Thanks so much for the posts, they are really informative.
Paul, UK
I would just like to present a caution. I was following the GAPS diet which calls for drinking broth (chicken) daily. I discovered through testing that I was reacting to chicken and it was therefore contributing to the problem. I am an advocate for testing first and second moderation.
What if a pulse drops significantly? Which test takes precedence if a food that tests strongly as sensitive on the neural-lingual test but then is negative as part of a meal when, you take pulse readings at 30, 60, and 90 minute intervals? Thanks!!
This way of testing was first reported in the 1950’s. For about the last 30 or more years every major Lab has had the ability to test for food sensitivities by means of blood tests.
The method of testing for the allergen specific immunoglobulins found with food sensitivities, acute/chronic inflammation and autoimmune diseases is tried and true. Every doctor has had access to these tests but are taught not to use it for food testing. Why??? $$$$$$$$$$$
There is a fortune to be made off chronic diseases. And they are capitalizing.

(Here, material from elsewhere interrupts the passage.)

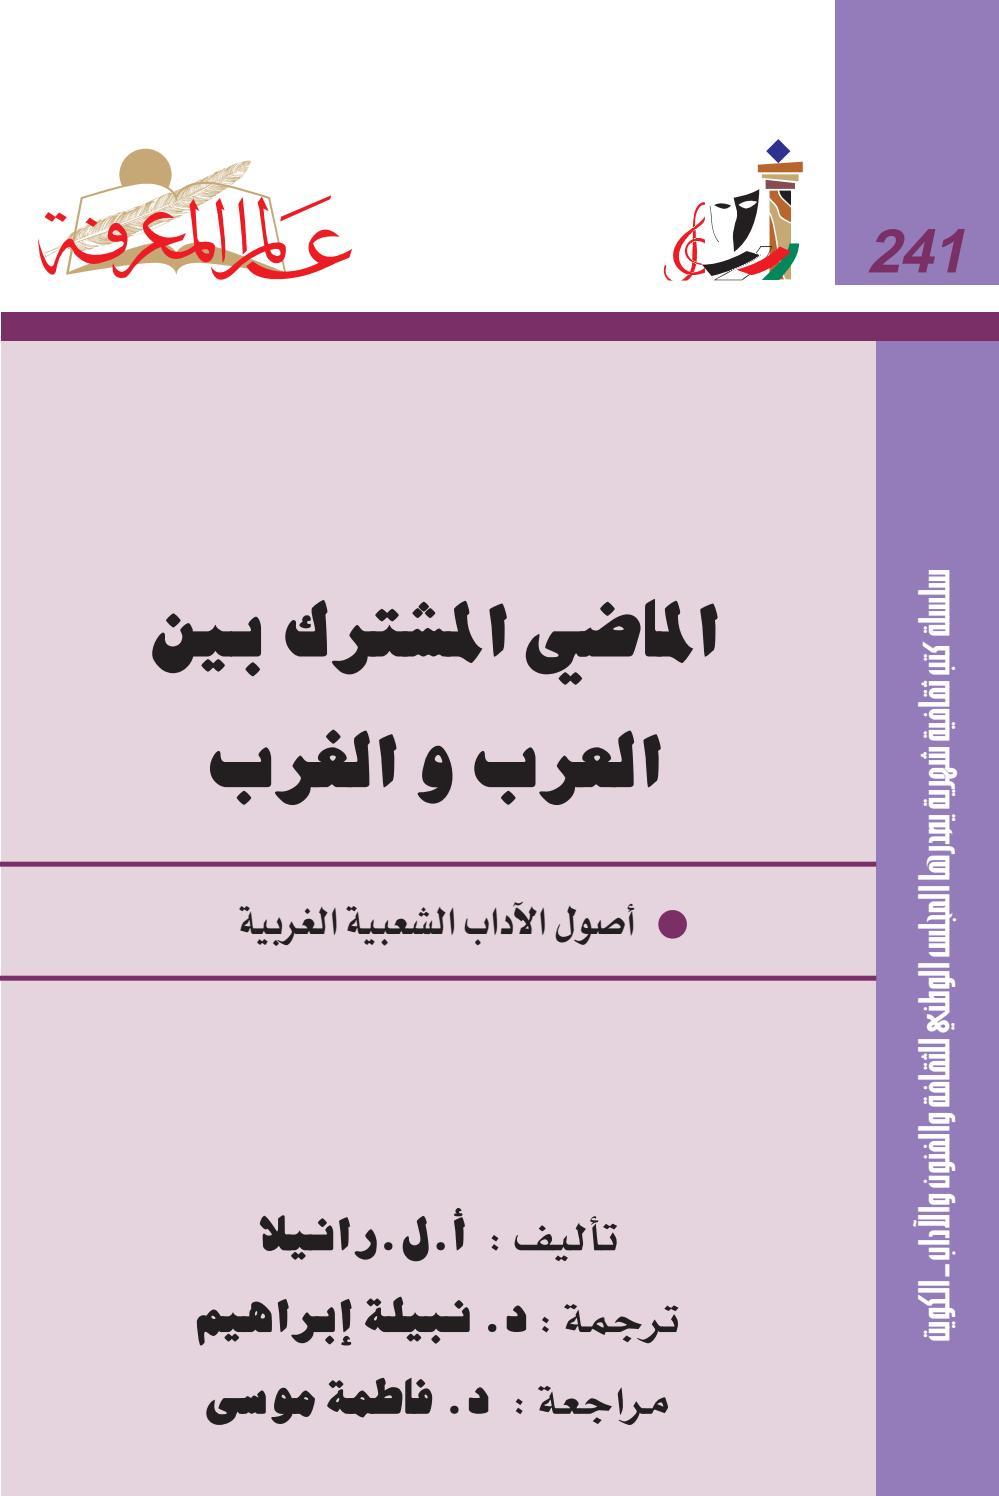 2b6d6c6b7d637 241 الماضي المشترك بين العرب والغرب by iReadPedia - issuu

Ps… Foods and inhalants are the ONLY time allergen specific IgE testing is used. Think about that.
I have just read an article on suzycohen.com that those tests can be inaccurate lab to lab! Both she and her husband did their tests through different labs and got conflicting info. For ex. highly sensitive to mango on one, fine on the other test. She emphasizes asking oneself “How do u feel?”. The rotation diet if done accurately with no fudging sounds like the best test.
One thing that may help clear some of the confusion people are reporting is this – if you’ve successfully avoided the foods you’re sensitive to for long enough that your immune system calms down then the number of antibodies decreases and you can have small amounts of the foods you’re sensitive to infrequently with no big reaction. That’s why a real reintroduction has you take it several times over a few days to see if you react – you might be fine the first time the first day but if you’re still sensitive then on the second day you’ll probably react.